梳理caffe代码solver(十四)
之前有一篇介绍solver的求解,也可以看官网的介绍:here ,和翻译版的介绍。
solver.hpp头文件的简单解析:
- #ifndef CAFFE_SOLVER_HPP_
- #define CAFFE_SOLVER_HPP_
- #include <boost/function.hpp>
- #include <string>
- #include <vector>
- #include "caffe/net.hpp"
- #include "caffe/solver_factory.hpp"
- namespace caffe {
- /**
- * @brief Enumeration of actions that a client of the Solver may request by
- * implementing the Solver's action request function, which a
- * a client may optionally provide in order to request early termination
- * or saving a snapshot without exiting. In the executable caffe, this
- * mechanism is used to allow the snapshot to be saved when stopping
- * execution with a SIGINT (Ctrl-C).
- */
- //大概意思就是按Ctrl-C时,会保存当前训练时的模型,如果还在训练终端不小心被关闭时,可以接着上次继续训练
- namespace SolverAction {
- enum Enum {
- NONE = 0, // Take no special action.
- STOP = 1, //停止训练后,可以继续训练
- SNAPSHOT = 2 // Take a snapshot, and keep training.
- };
- }
- /**
- * @brief Type of a function that returns a Solver Action enumeration.
- */
- //学过java的可以理解为回滚操作,比如银行账户钱从一个用户转到另一个账户时,中途发生点意外,一个用户钱已经减了,另一个却没有增加,这时需要回滚操作,
- //就像这时训练的时候中断了,然后回滚,到上次断点,继续训练。
- typedef boost::function<SolverAction::Enum()> ActionCallback;
- /**
- * @brief An interface for classes that perform optimization on Net%s.
- *
- * Requires implementation of ApplyUpdate to compute a parameter update
- * given the current state of the Net parameters.
- */
- template <typename Dtype>
- class Solver {
- public:
- explicit Solver(const SolverParameter& param,
- const Solver* root_solver = NULL);
- explicit Solver(const string& param_file, const Solver* root_solver = NULL);
- void Init(const SolverParameter& param);
- void InitTrainNet();
- void InitTestNets();
- // Client of the Solver optionally may call this in order to set the function
- // that the solver uses to see what action it should take (e.g. snapshot or
- // exit training early).
- void SetActionFunction(ActionCallback func);
- SolverAction::Enum GetRequestedAction();
- //主函数,默认iter为0,非0的iter输入到预训练的网络中。
- virtual void Solve(const char* resume_file = NULL);
- inline void Solve(const string resume_file) { Solve(resume_file.c_str()); }
- void Step(int iters);
- // The Restore method simply dispatches to one of the
- // RestoreSolverStateFrom___ protected methods. You should implement these
- // methods to restore the state from the appropriate snapshot type.

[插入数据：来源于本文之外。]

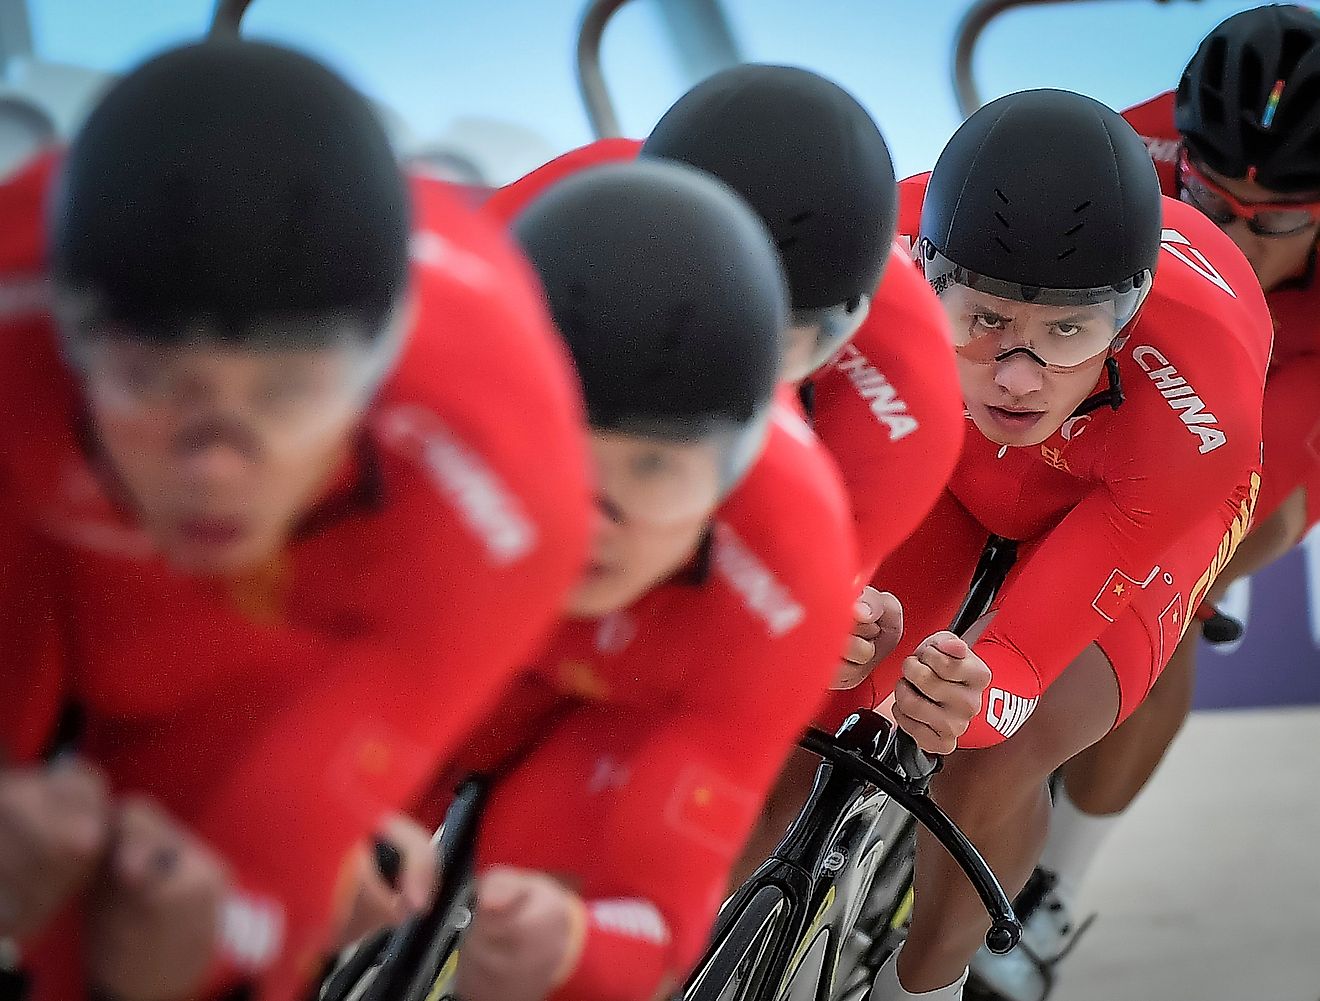 China cycling during an event at a cycling track competition.

- //存储函数实现如何存储solver到快照模型中。应该实现RestoreSolverState()函数这个函数是存储来自SolverState缓冲的状态
- void Restore(const char* resume_file);
- //Solver::Snapshot主要是基本的快照功能,存储学习的网络
- void Snapshot();
- virtual ~Solver() {}
- inline const SolverParameter& param() const { return param_; }
- inline shared_ptr<Net<Dtype> > net() { return net_; }
- inline const vector<shared_ptr<Net<Dtype> > >& test_nets() {
- return test_nets_;
- }
- int iter() { return iter_; }
- //在迭代中调用特殊的点
- class Callback {
- protected:
- virtual void on_start() = 0;
- virtual void on_gradients_ready() = 0;
- template <typename T>
- friend class Solver;
- };
- const vector<Callback*>& callbacks() const { return callbacks_; }
- void add_callback(Callback* value) {
- callbacks_.push_back(value);
- }
- void CheckSnapshotWritePermissions();
- //返回slover的类型
- virtual inline const char* type() const { return ""; }
- protected:
- //生成和应用当前迭代的更新的值
- virtual void ApplyUpdate() = 0;
- string SnapshotFilename(const string extension);
- string SnapshotToBinaryProto();
- string SnapshotToHDF5();
- // 测试程序
- void TestAll();
- void Test(const int test_net_id = 0);
- virtual void SnapshotSolverState(const string& model_filename) = 0;
- virtual void RestoreSolverStateFromHDF5(const string& state_file) = 0;
- virtual void RestoreSolverStateFromBinaryProto(const string& state_file) = 0;
- void DisplayOutputBlobs(const int net_id);
- void UpdateSmoothedLoss(Dtype loss, int start_iter, int average_loss);
- SolverParameter param_;
- int iter_;//在测试的时候,需要迭代的次数,即test_iter* batchsize(测试集的)=测试集的大小,测试集batchsize可以在prototxt文件里设置
- int current_step_;
- shared_ptr<Net<Dtype> > net_;
- vector<shared_ptr<Net<Dtype> > > test_nets_;//test net可以有多个
- vector<Callback*> callbacks_;//嵌套类,暂时还不知道它的作用
- vector<Dtype> losses_;
- Dtype smoothed_loss_;
- //在数据并行中,继续根solver层保持根nets(包含共享的层)
- const Solver* const root_solver_;
- //通过函数是选择确认按钮来选择保存还是退出快照。
- ActionCallback action_request_function_;
- // True iff a request to stop early was received.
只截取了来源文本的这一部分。